3He-induced reactions on cobalt

Abstract

3He-induced reactions on the target element cobalt were investigated in the energy region from 14 to 130 MeV using the stacked-foil technique. 19 excitation functions were measured for the production of 61Cu, 57Ni, 60m+gCo, 58m+gCo, 57Co, 56Co, 55Co, 59Fe, 56Mn, 54Mn, 52Mn, 51Cr, 48Cr, 48V, 48Sc, 47Sc, 46m+gSc, 44mSc. The new cross sections are in extreme disagreement with the earlier determinations which were restricted to the nuclides 61Cu, 58m+gCo, 57Co and 56Co and to energies below 40 MeV. The experimental data are compared with “ a priori” calculations considering equilibrium as well as preequilibrium reactions.
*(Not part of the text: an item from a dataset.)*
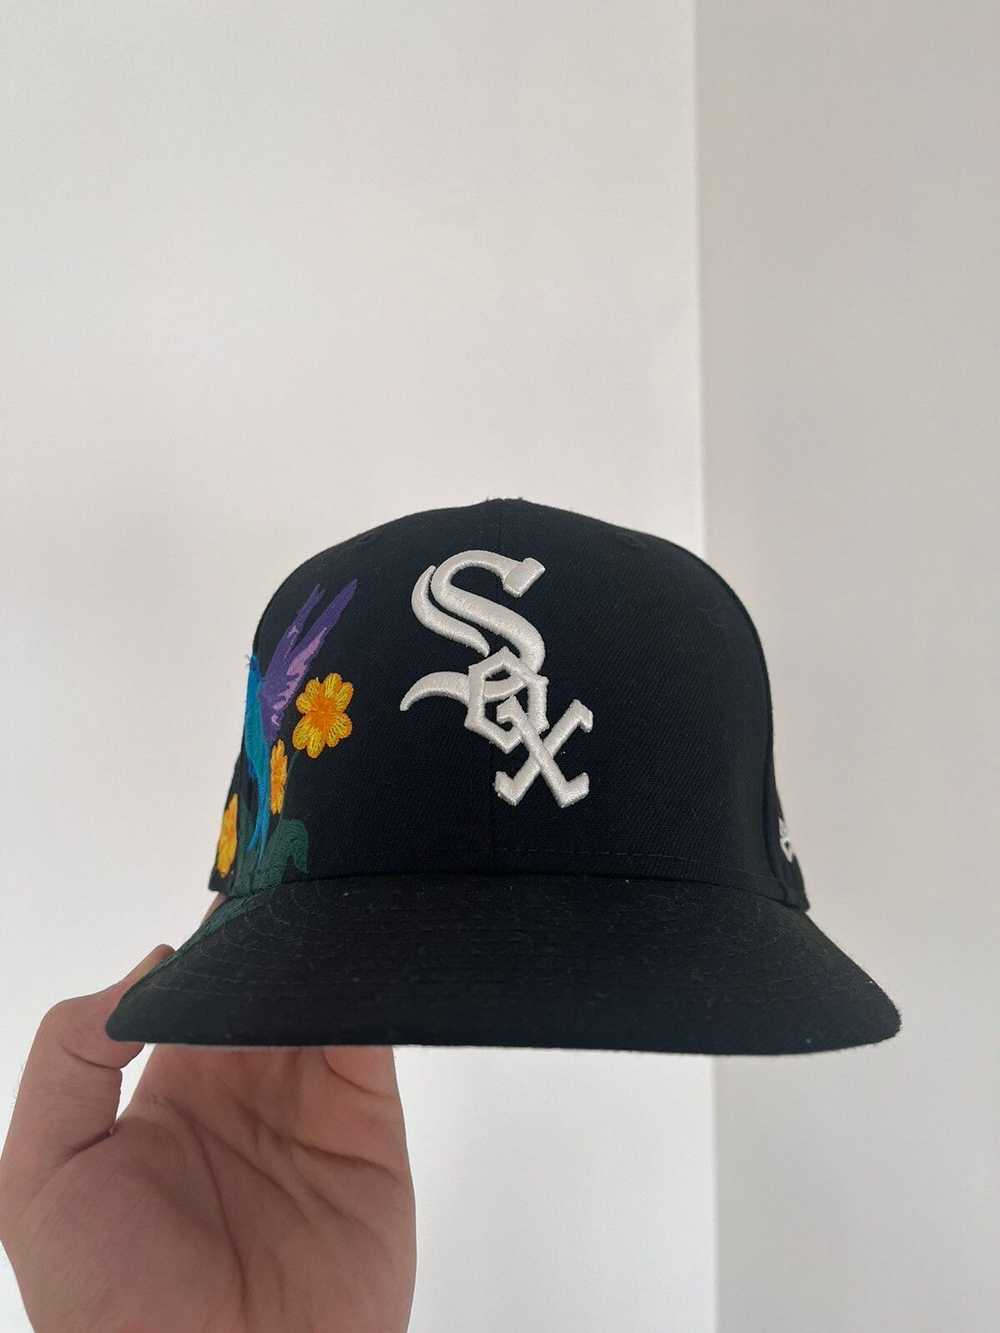 New Era Black Sox Floral hat - image 4

The excitation functions exhibit strong preequilibrium effects over wide ranges. From the reaction 59Co( 3He, n) 61Cu an initial exciton configuration of n 0 = 4(1n-3p-0h) is deduced. The theoretical predictions reveal severe shortcomings with respect to reactions as ⦅( τ, 2p xn), x = 0, 2, 3⦆, (τ, 3p) and (τ, 4p2n). For the explanation of the observed discrepancies break-up of the incoming 3He particle as well as double stripping may be assumed. Moreover, contributions of preequilibrium α-emission were to be seen giving rise to discrepancies between theory and experiment in the low-energy part of the excitation functions. The results indicate that the initial states of 3He-induced reactions are more complicated than assumed by the present forms of preequilibrium theories. It is concluded that it is not possible by today's reaction theories to perform “ a priori” calculations of integral excitation functions with the accuracy needed for the various purposes of application.